Image and mobility are becoming increasingly important in digital marketing. Increasing digitalization creates more contact areas with the target group. So how do we create effective marketing that simultaneously strengthens the brand?
Marketing is becoming increasingly visual. And there is a straight line between the visual in the communication and the brand. What values do we signal? Do we meet the emotional needs of the target group? To succeed with the symbiosis between powerful marketing and a stronger brand, insight is required into what is communicated visually on each contact surface.
This is what marketing & content should look like
The most important thing is not to try to take shortcuts. Always start with the brand! What do you want customers to remember when they visit your website or see one of your ads? What is the essence of your business? When those questions are answered, you apply them to the visual material.
Finding your visual position requires fingertip feeling. Some questions to ask yourself when choosing images are: How should customers feel when they see the image? Would you recognize that the image belonged to the brand if the logo was not visible next to it? How do we want customers to react to the image?
Do not forget to have fun! Using visual communication to strengthen the brand can and should be a creative process. It strengthens one's own understanding of the brand. Do not be afraid to discuss image selection with colleagues. It is easy to become blind to the whole when you stare at pictures for a while. It is a good idea to help ensure that the standard is maintained. Then you avoid a slip in the message you want to convey.
3 Tips for More Effective Visual Marketing
1. Plan the pictures as carefully as the text!

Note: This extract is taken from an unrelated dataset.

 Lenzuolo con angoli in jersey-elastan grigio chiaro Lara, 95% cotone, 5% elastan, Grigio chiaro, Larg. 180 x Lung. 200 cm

We often plan textual content carefully, but forget about the images. It ends with you in a panic trying to find an image bank image that says something in the style of what you have in mind. When looking for pictures at the last minute, for example just before a blog post is to be published, it is not uncommon to choose the first best picture without thinking about the whole. Therefore, plan the pictures well in advance!

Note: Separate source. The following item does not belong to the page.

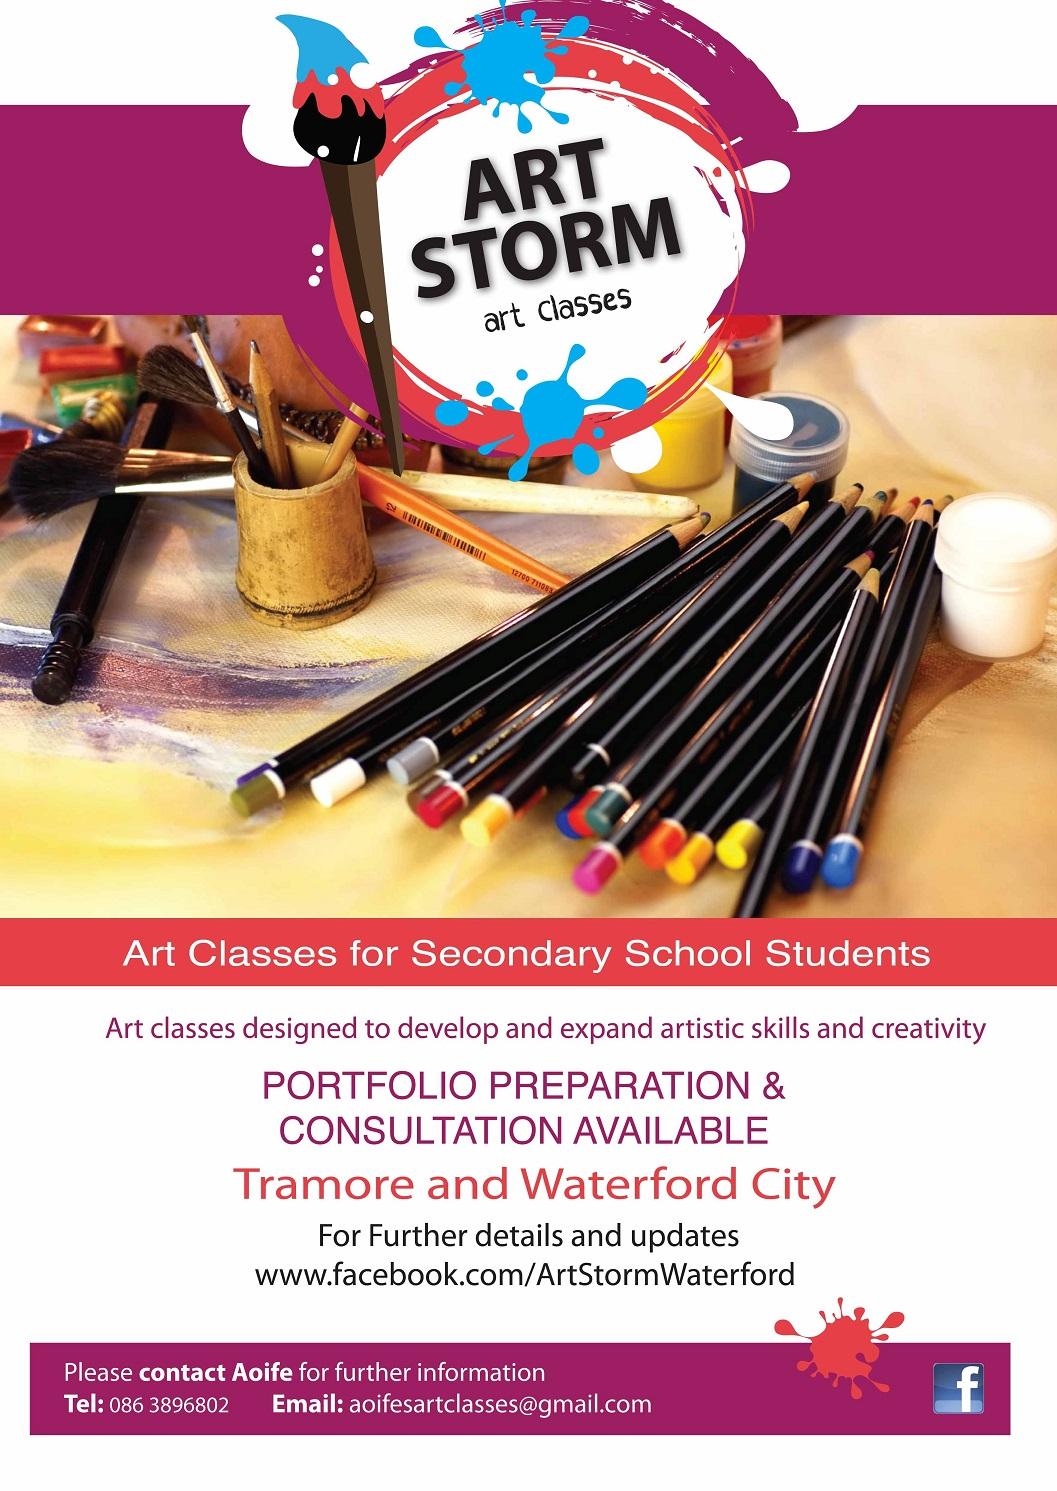 AOIFE BROPHYsecondary Poster ARTSTORM POSTER Spring Art Storm Classes

Blog posts for example: Make a detailed plan for the next three months and take a holistic view of the imagery of the posts. How should they harmonize with other visual material? How will customers recognize that the blog posts are from you if they scroll past them in the Facebook or LinkedIn feed?

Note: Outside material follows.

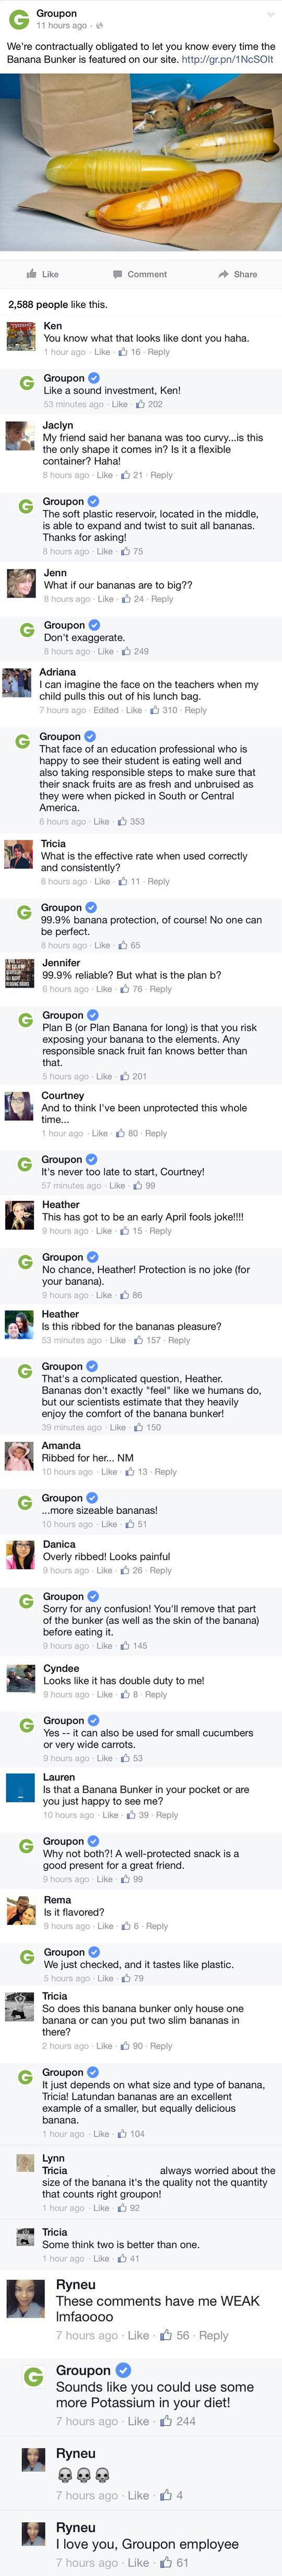 cool-Groupon-banana-bunker-package

Build an image bank with images that are in line with the brand. Then you have some pictures in stock if needed in addition to what was planned.
2. Image and text must complement and elevate each other
Images are powerful tools for quickly and efficiently conveying messages. Put the right picture in the right place. Look up and choose pictures that say something more than what is in the title. Images provide the opportunity to convey a more nuanced image in a fraction of a second. Use pictures to clarify something that is between the lines or summarize the text's message.
3. Visual communication is not just photography!
Complement photos with moving images, illustrations, and colors.
- Moving images are a way to engage customers. The brain is programmed to respond to moving things. In addition, it takes much less energy to watch a video than to read a text. Surely you also stop when there is a video in the Instagram feed?
- There is a reason why we use symbols in traffic. We quickly perceive what the symbols stand for. The brain constantly interprets images and simplifies visual impressions into icons. A symbol is an already simplified image, which makes the job a little easier for the brain. Use symbols to clarify the message.
- Choose colours with care. The colour scale in the images should harmonize with each other and with the brand. Retouching the images in the same way (by, for example, adding a warm colour tone) is a way to make them stick together. Another way is to simply select motifs in the same colour scale or to create illustrations that harmonize with the graphic profile.